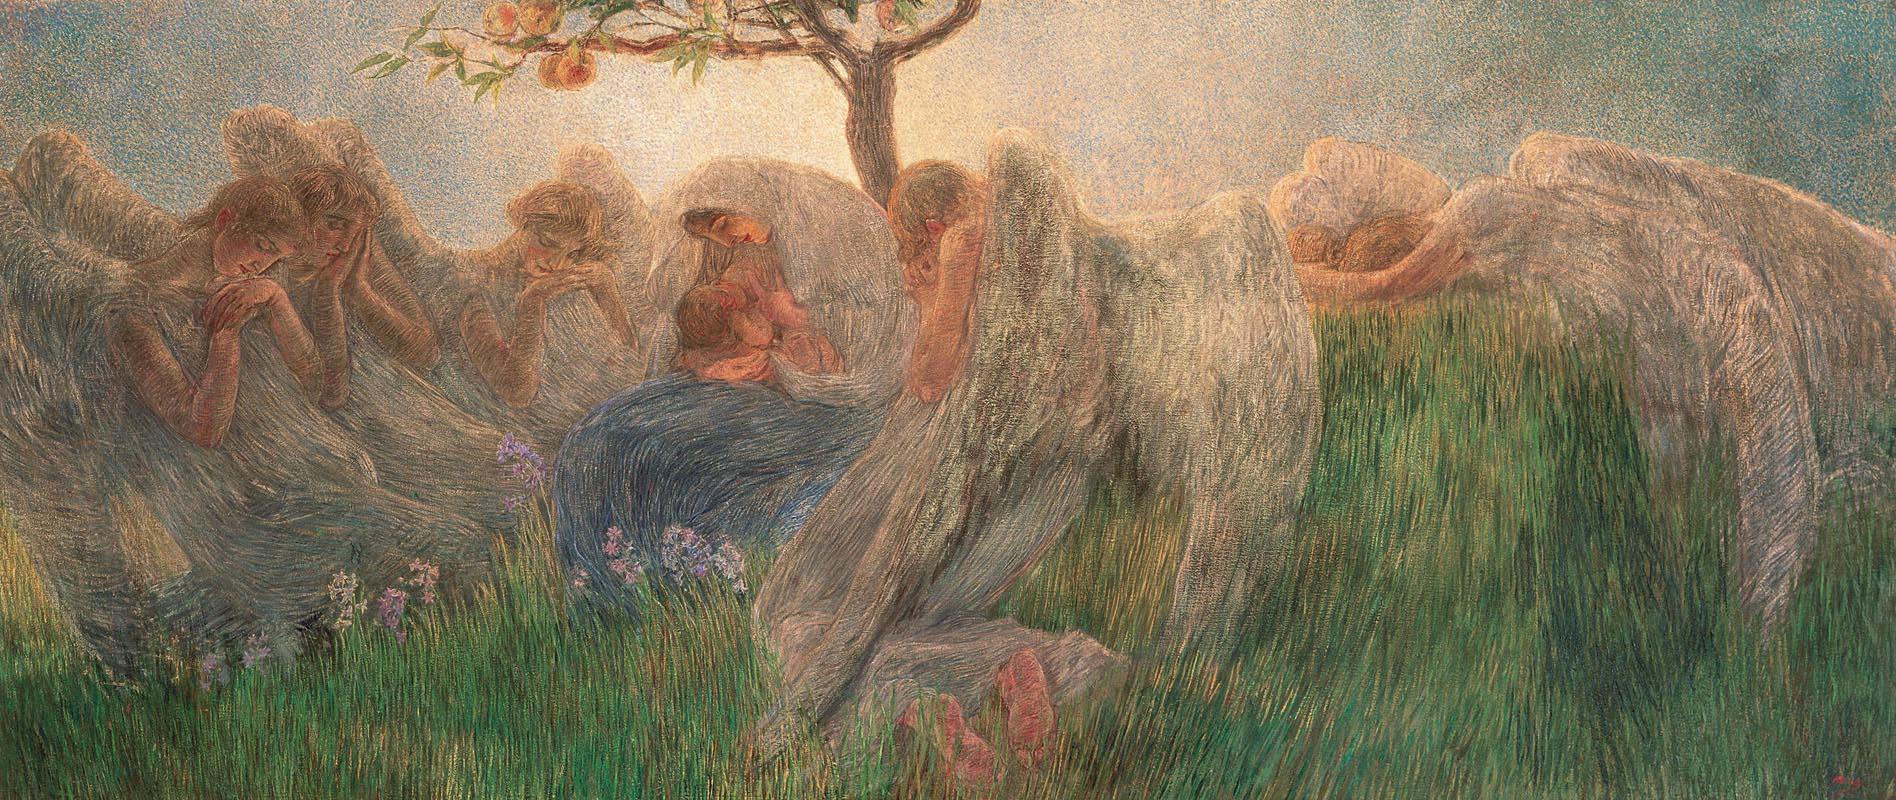 9. Previati - Maternità (1)
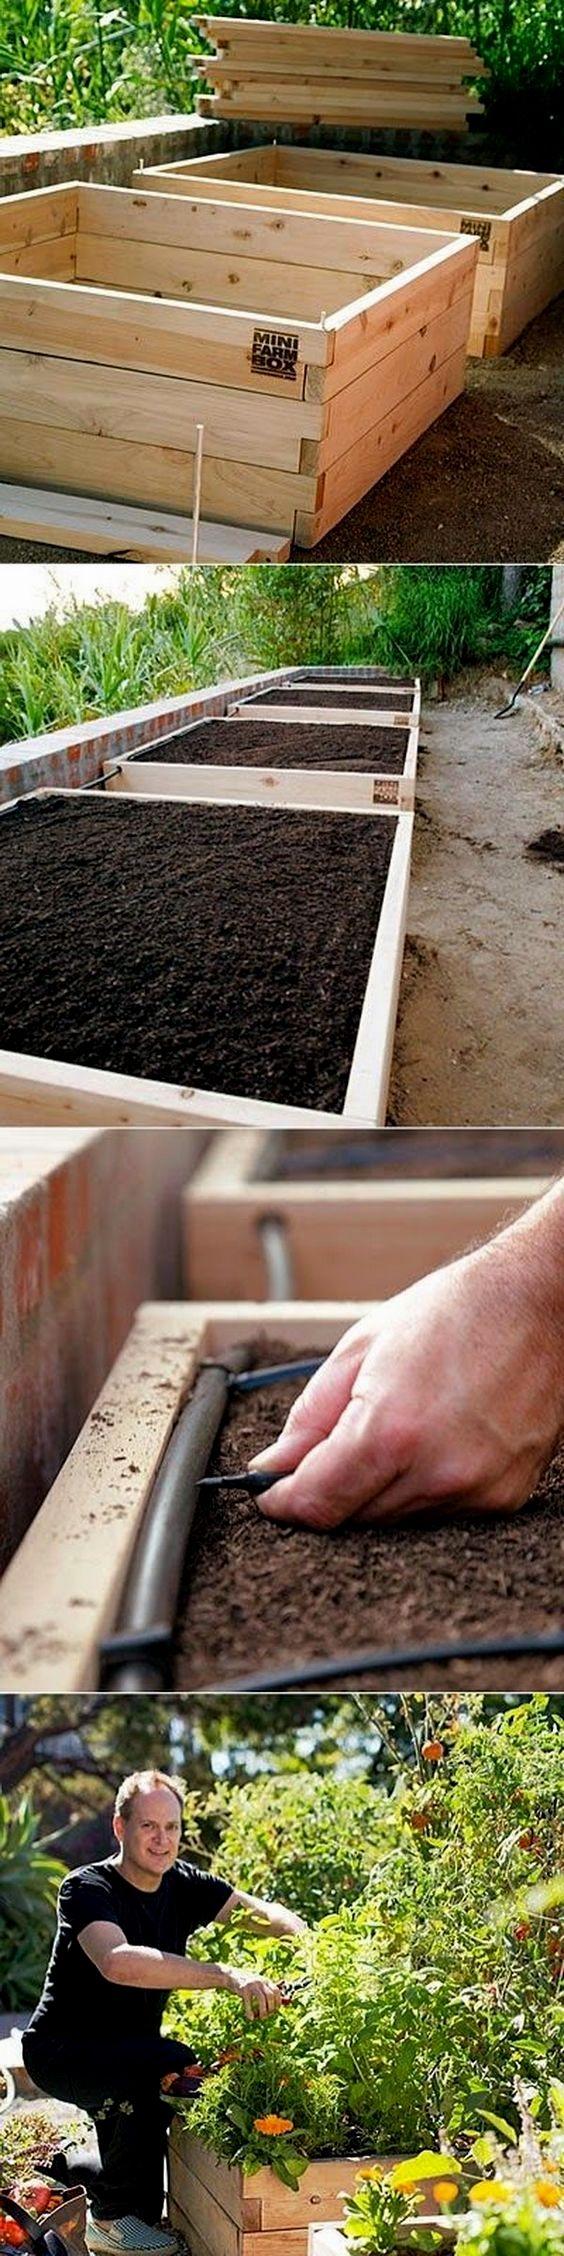 Vegetable (2020) Vegetable garden raised beds, Organic
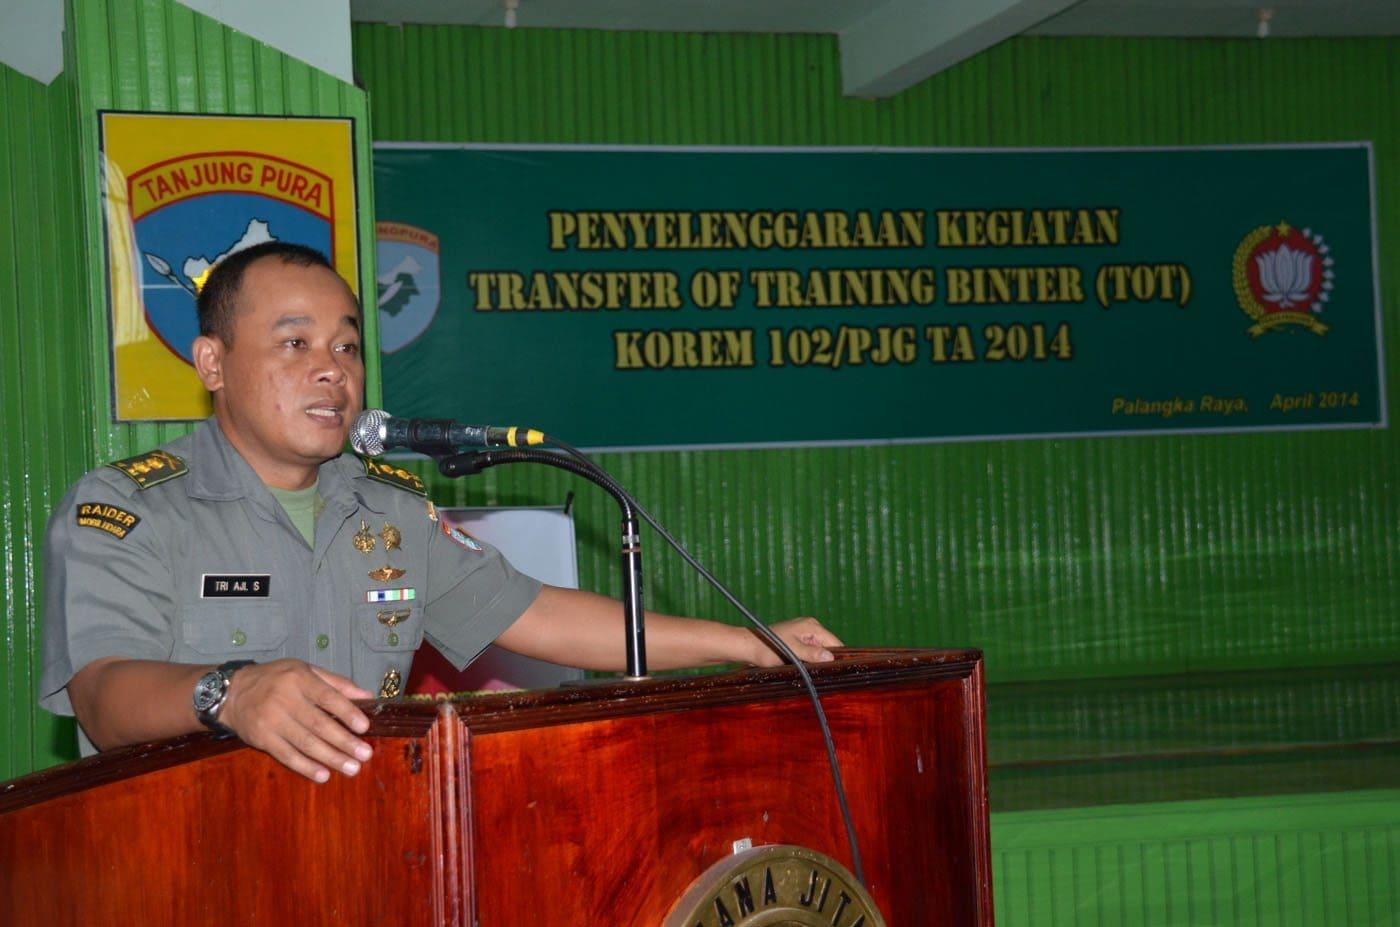 Kegiatan Transfer Of Training (TOT) Pembinaan Teritorial di Jajaran Korem 102/Pjg Tahun 2014
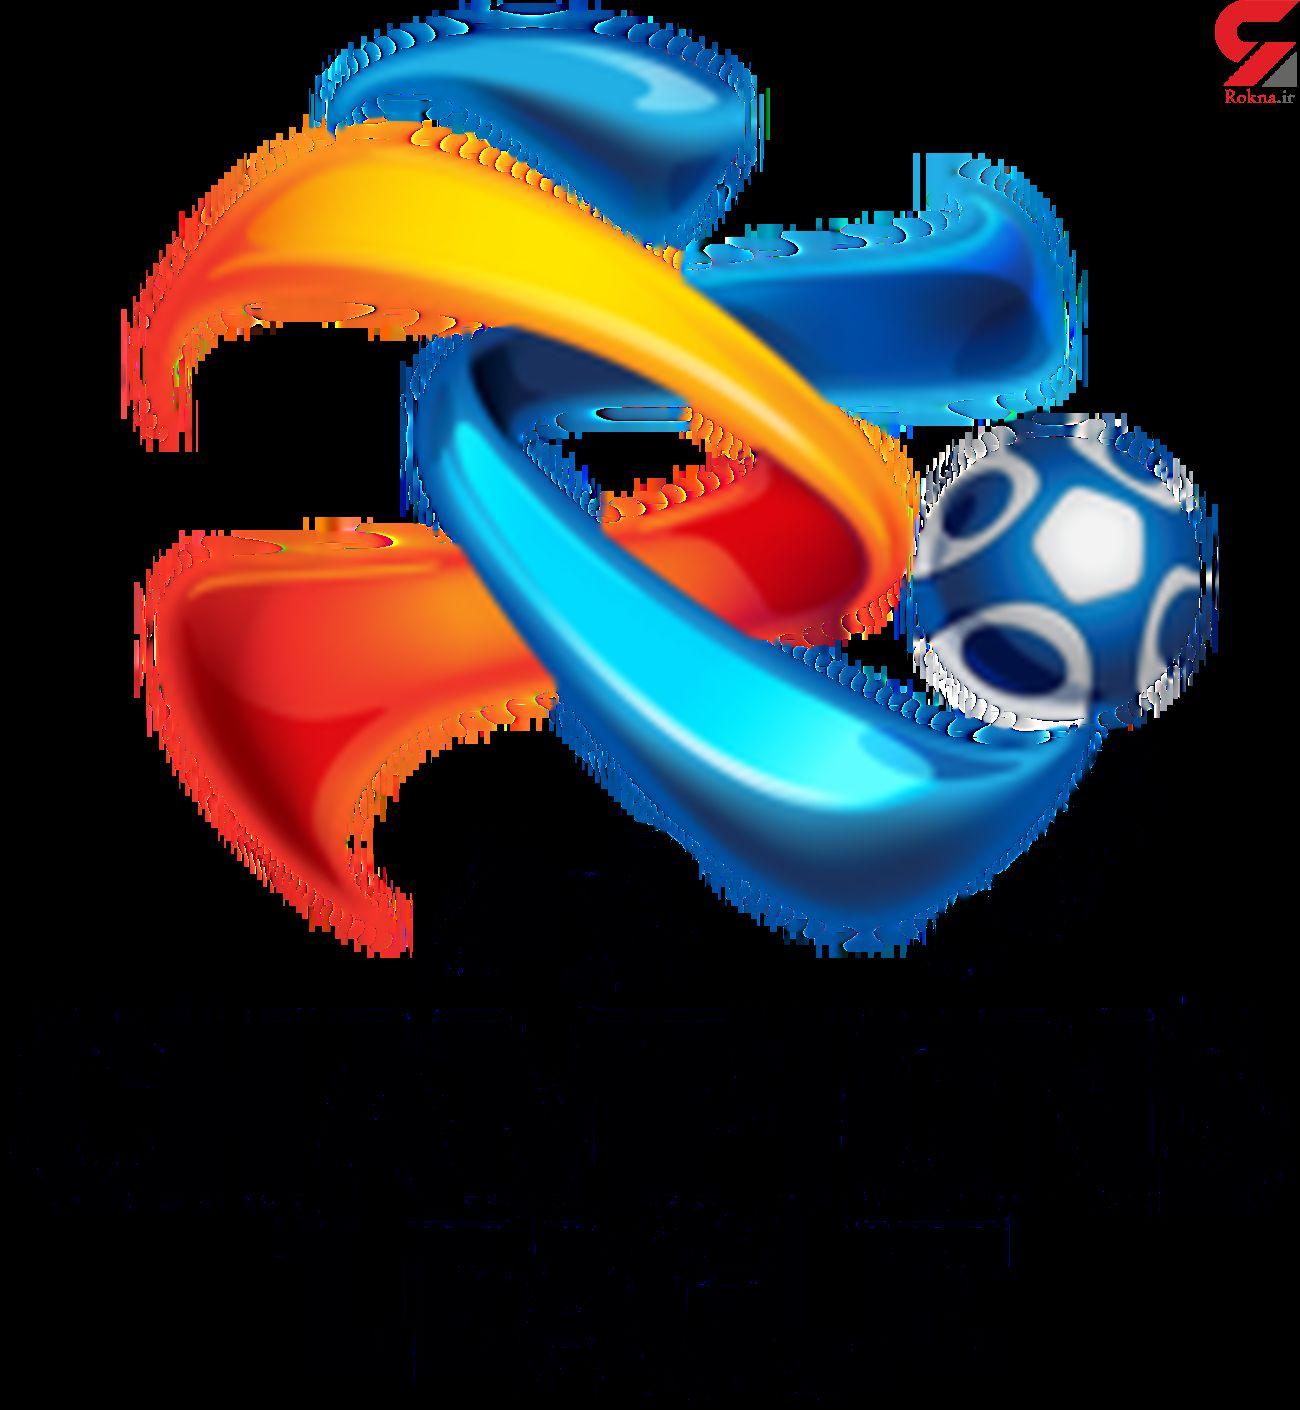 AFC قید سیستم رالی در لیگ قهرمانان آسیا را می زند

══════════════════════════════

**YOUR OBJECTIVE:** Starting at the line that contains "Vegetable (2020) Vegetable", write out exactly each line through the last one in the listing above, leaving out the pictures and adding nothing else.

**ANSWER TO THE PROBLEM:**
 Vegetable (2020) Vegetable garden raised beds, Organic
 Kegiatan Transfer Of Training (TOT) Pembinaan Teritorial di Jajaran Korem 102/Pjg Tahun 2014
 AFC قید سیستم رالی در لیگ قهرمانان آسیا را می زند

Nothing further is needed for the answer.